Sun Yueping, Li Jiao, Xu Zidu, Liu Yan, Hou Li, Huang Zhisheng
Institute of Medical Information, Chinese Academy of Medical Sciences/Peking Union Medical College, Beijing, 100020 China.
Knowledge Representation and Reasoning (KR\&R) Group, Computer Science, Vrije Universiteit Amsterdam, Amsterdam, The Netherlands.
Health Inf Sci Syst. 2022 Sep 10;10(1):27. doi: 10.1007/s13755-022-00179-7. eCollection 2022 Dec.
Researchers have identified gut microbiota that interact with brain regions associated with emotion and mood. Literature reviews of those associations rely on rigorous systematic approaches and labor-intensive investments. Here we explore how knowledge graph, a large scale semantic network consisting of entities and concepts as well as the semantic relationships among them, is incorporated into the emotion-probiotic relationship exploration work.
We propose an end-to-end emotion-probiotics relationship exploration method with an integrated medical knowledge graph, which incorporates the text mining output of knowledge graph, concept reasoning and evidence classification. Specifically, a knowledge graph for probiotics is built based on a text-mining analysis of PubMed, and further used to retrieve triples of relationships with reasoning logistics. Then specific relationships are annotated and evidence levels are retrieved to form a new evidence-based emotion-probiotic knowledge graph.

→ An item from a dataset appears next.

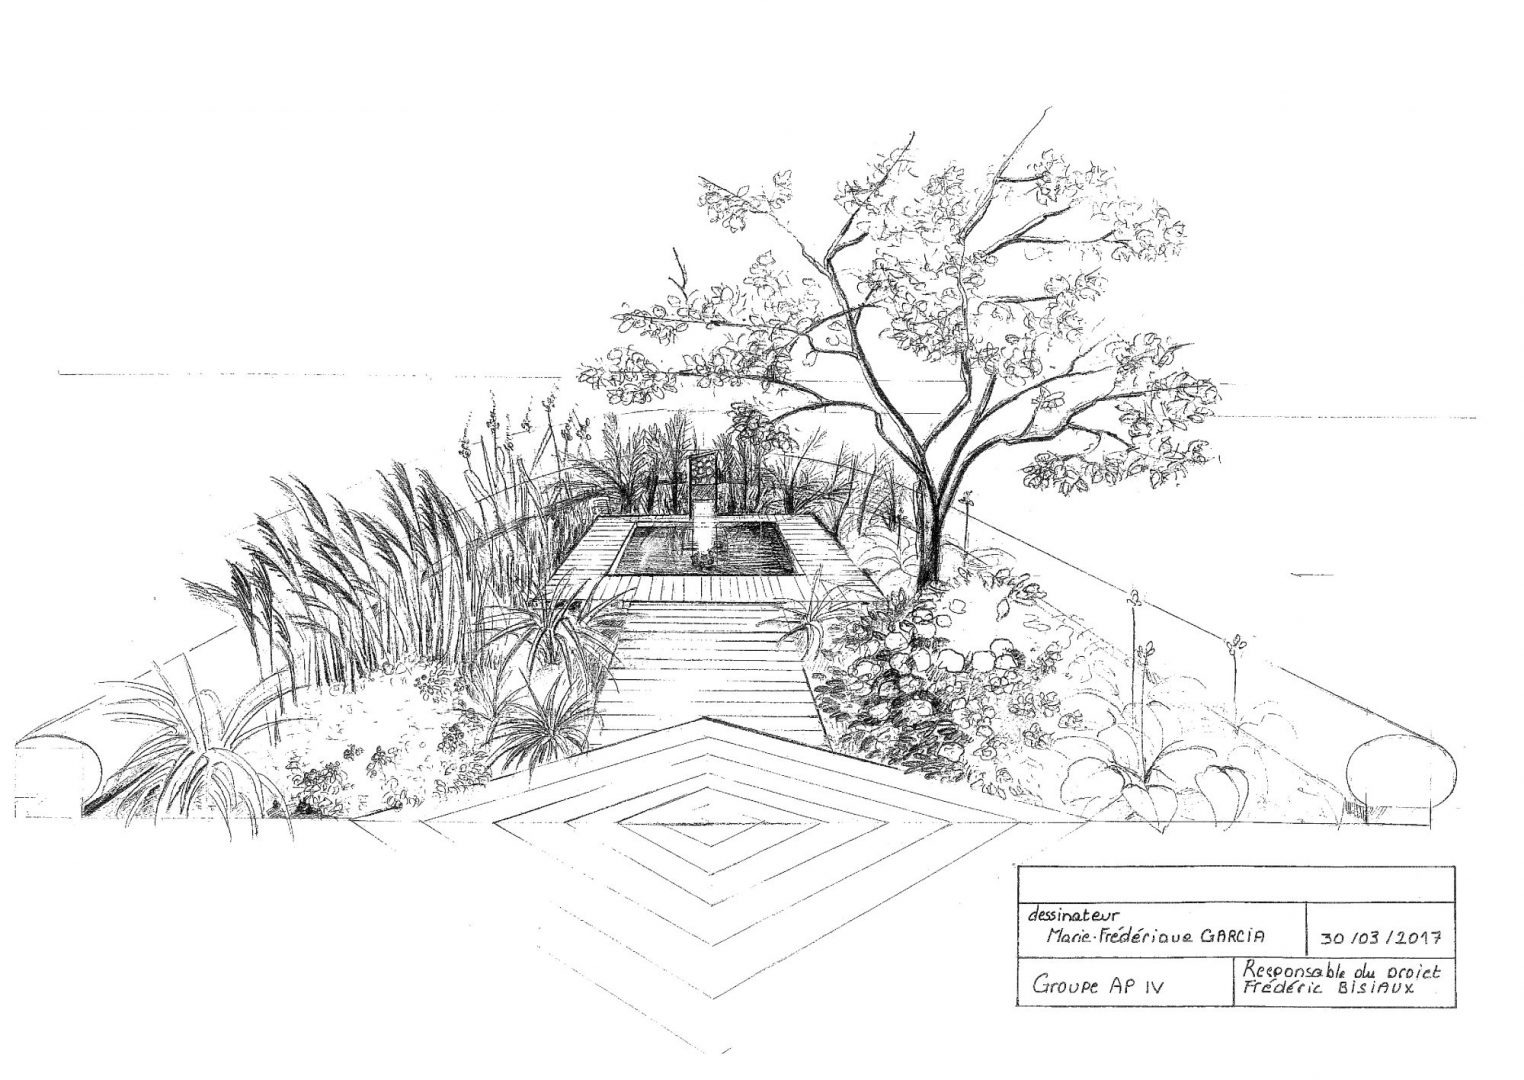 Projet d'aménagement paysager

Based on the probiotics knowledge graph with 40,442,404 triples, totally 1453 PubMed articles were annotated in both the title level and abstract level, and the evidence levels were incorporated to the visualization of the explored emotion-probiotic relationships. Finally, we got 4131 evidenced emotion-probiotic associations.
The evidence-based emotion-probiotic knowledge graph construction work demonstrates an effective reasoning based pipeline of relationship exploration. The annotated relationship associations are supposed be used to help researchers generate scientific hypotheses or create their own semantic graphs for their research interests.
研究人员已确定肠道微生物群与大脑中与情绪和心境相关的区域存在相互作用。对这些关联的文献综述依赖于严格的系统方法和大量人力投入。在此,我们探讨如何将知识图谱(一种由实体和概念以及它们之间的语义关系组成的大规模语义网络)纳入情绪与益生菌关系的探索工作中。
我们提出一种端到端的情绪与益生菌关系探索方法,该方法集成了医学知识图谱,其中纳入了知识图谱的文本挖掘输出、概念推理和证据分类。具体而言,基于对PubMed的文本挖掘分析构建了一个益生菌知识图谱,并进一步用于检索具有推理逻辑的关系三元组。然后对特定关系进行注释,并检索证据水平,以形成一个新的基于证据的情绪与益生菌知识图谱。
基于包含40442404个三元组的益生菌知识图谱,共有1453篇PubMed文章在标题级别和摘要级别进行了注释,并且证据水平被纳入到所探索的情绪与益生菌关系的可视化中。最后,我们得到了4131个有证据支持的情绪与益生菌关联。
基于证据的情绪与益生菌知识图谱构建工作展示了一种有效的基于推理的关系探索流程。所注释的关系关联应用于帮助研究人员生成科学假设或为其研究兴趣创建自己的语义图谱。